Producing a FullText search query that accounts for RANK and the freshness of content.

Recently at AnandTech, we decided to rewrite our search mechanisms to take date into account, while performing Full Text queries against Microsoft SQL Server's full text functionality.   By default, when you use CONTAINSTABLE, the search service will return a set of results with a RANK value associated with each row.  The RANK value is based on occurrence, proximity etc.  The problem comes when you order by the RANK value, and have time sensitive content.   What we've been toying with is combining RANK with the Date of the content.  The reason for this is to try and give the user results that are not only relevant but are also "fresh".   We went about this by writing a CASE statement into our query which essentially produces a weight value based on how old it is.  In the example query below, you can see how this works.   Based on how many weeks old the content is, we assign it a weight and that is combined with the RANK value that the search service returns.   Obviously we're still fairly RANK heavy, but date is taken into account.  You can adjust how RANK/Date heavy you want the results to be by changing how much you divide each RANK by at the end of each WHEN clause. 

Let me know if you've done something similar, or any thoughts on this technique.

SELECT DISTINCT TOP 21 d.idocumentid,d.vchdocumenttitle, d.dtinsertdate,
CASE
 WHEN datediff(wk, d.dtinsertdate, getdate()) between  0 and 4  THEN (allpages.rank/1.0)
 WHEN datediff(wk, d.dtinsertdate, getdate()) between  5 and 8  THEN (allpages.rank/1.2)
 WHEN datediff(wk, d.dtinsertdate, getdate()) between  9 and 12 THEN (allpages.rank/1.4)
 WHEN datediff(wk, d.dtinsertdate, getdate()) between 13 and 16 THEN (allpages.rank/1.6)
 WHEN datediff(wk, d.dtinsertdate, getdate()) between 17 and 20 THEN (allpages.rank/1.8)
 WHEN datediff(wk, d.dtinsertdate, getdate()) between 21 and 24 THEN (allpages.rank/2.0)
ELSE
 (allpages.rank/3.0)
END AS WeightedRank
FROM documents d WITH (NOLOCK)
JOIN documentpages p WITH (NOLOCK) on d.idocumentid = p.idocumentid
JOIN CONTAINSTABLE(documentpages,txpage,' "intel" AND "centrino"',2000) allpages
ON p.irowid = allpages.[Key]
GROUP BY d.idocumentid, d.vchdocumenttitle, d.dtinsertdate,allpages.rank
ORDER BY WeightedRank DESC, d.dtinsertdate DESC

 

 

2 Comments

  • If you really want to keep this dynamic, add a lookup table to account for the weights for different day periods.
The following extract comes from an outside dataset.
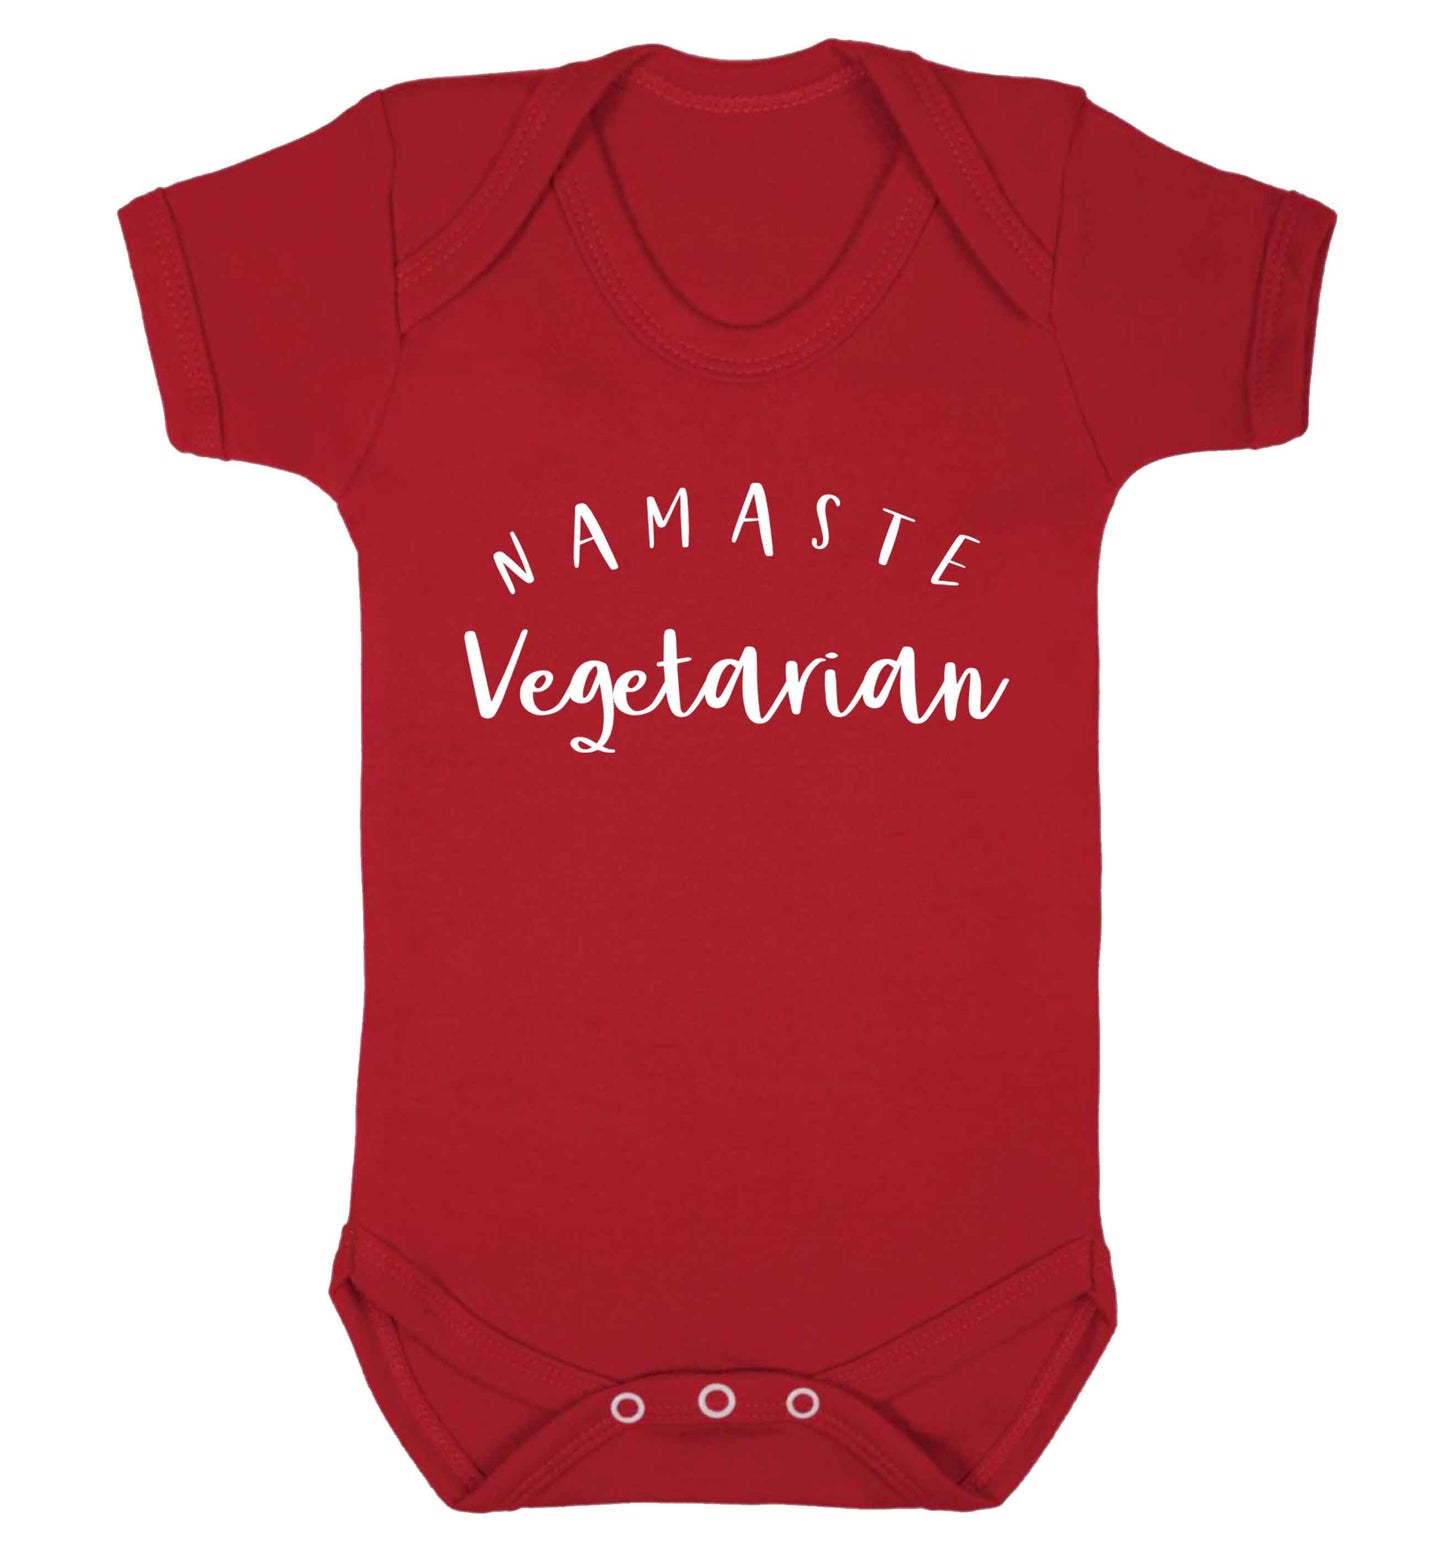 Namaste vegetarian Baby Vest red 18-24 months
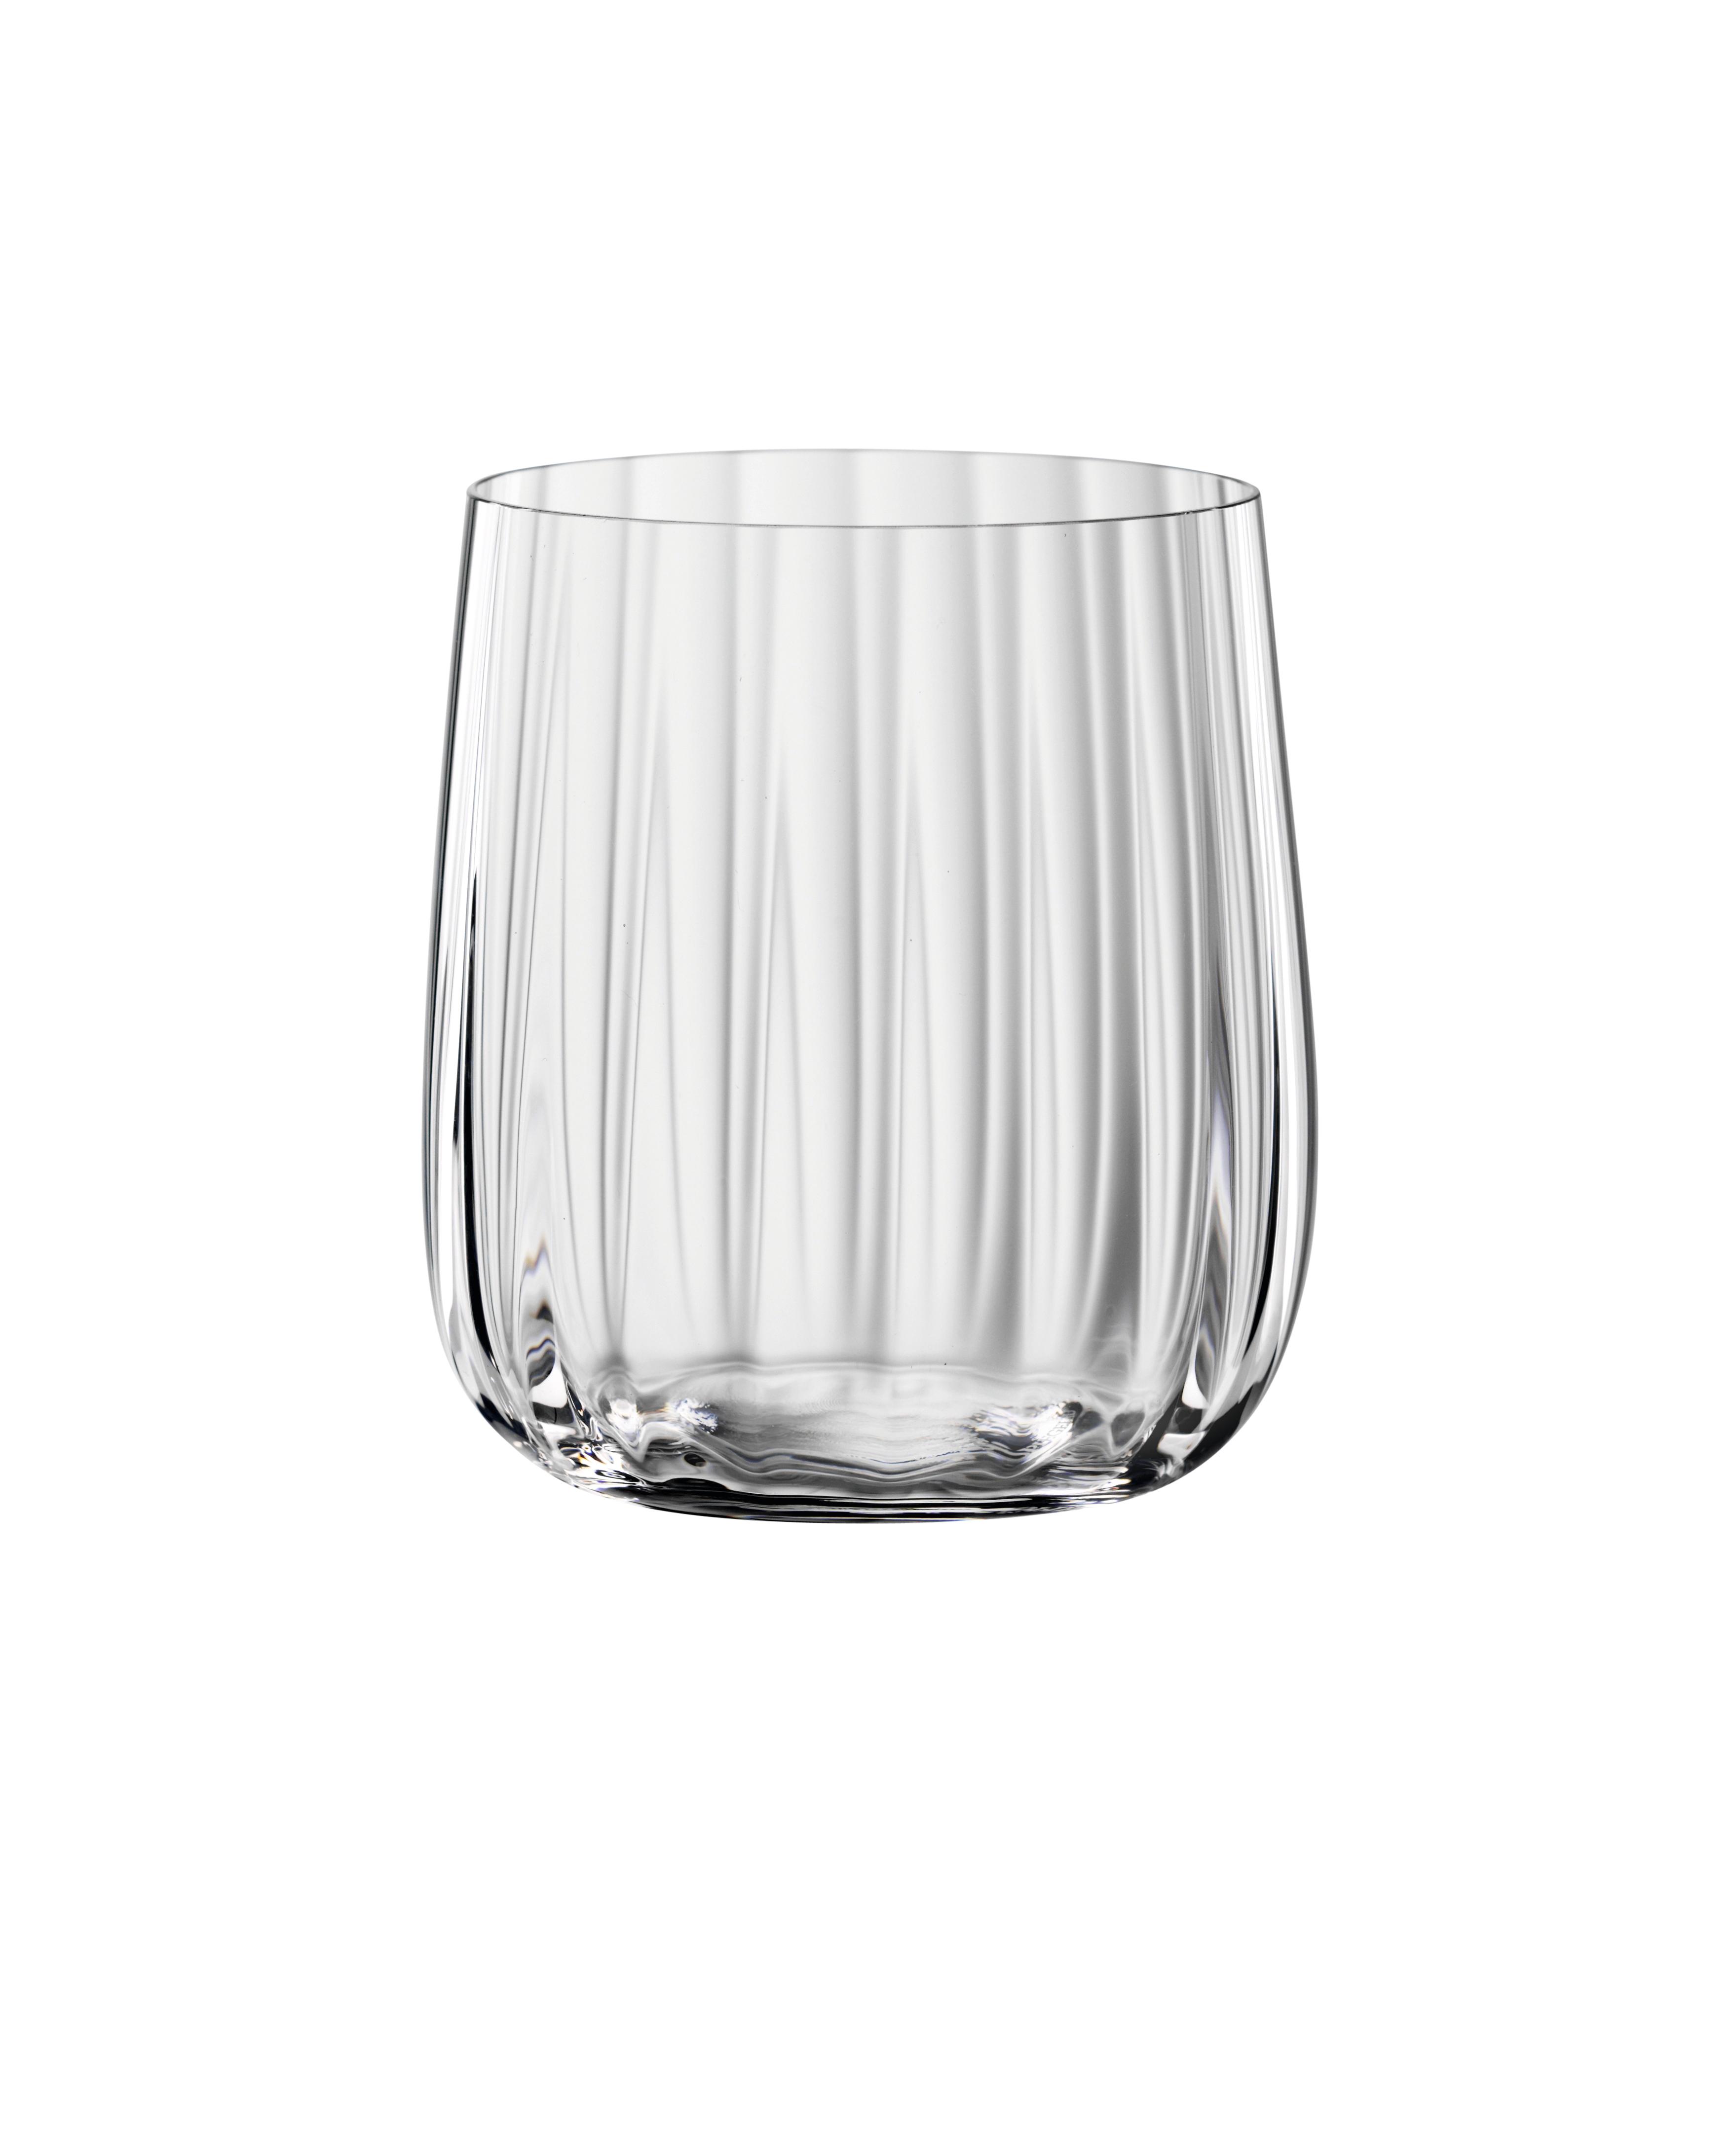 Gläserset Lifestyle, 4-teilig - Klar, MODERN, Glas (8,3/9,0/8,3cm) - Spiegelau

Instead of the huge CASE, do this:



    SELECT ...

    allpages.rank * (SELECT TOP 1 weight FROM timespan_weight WHERE days > DATEDIFF(day,d.dtinsertdate,getdate())

    ...



    The table would look like the following:



    CREATE TABLE timespan_weight (days INT,weight DECIMAL(4,2))

  • I think it works great.



    I did pretty much exactly what you did to keep more current stuff "more relevant".

Comments have been disabled for this content.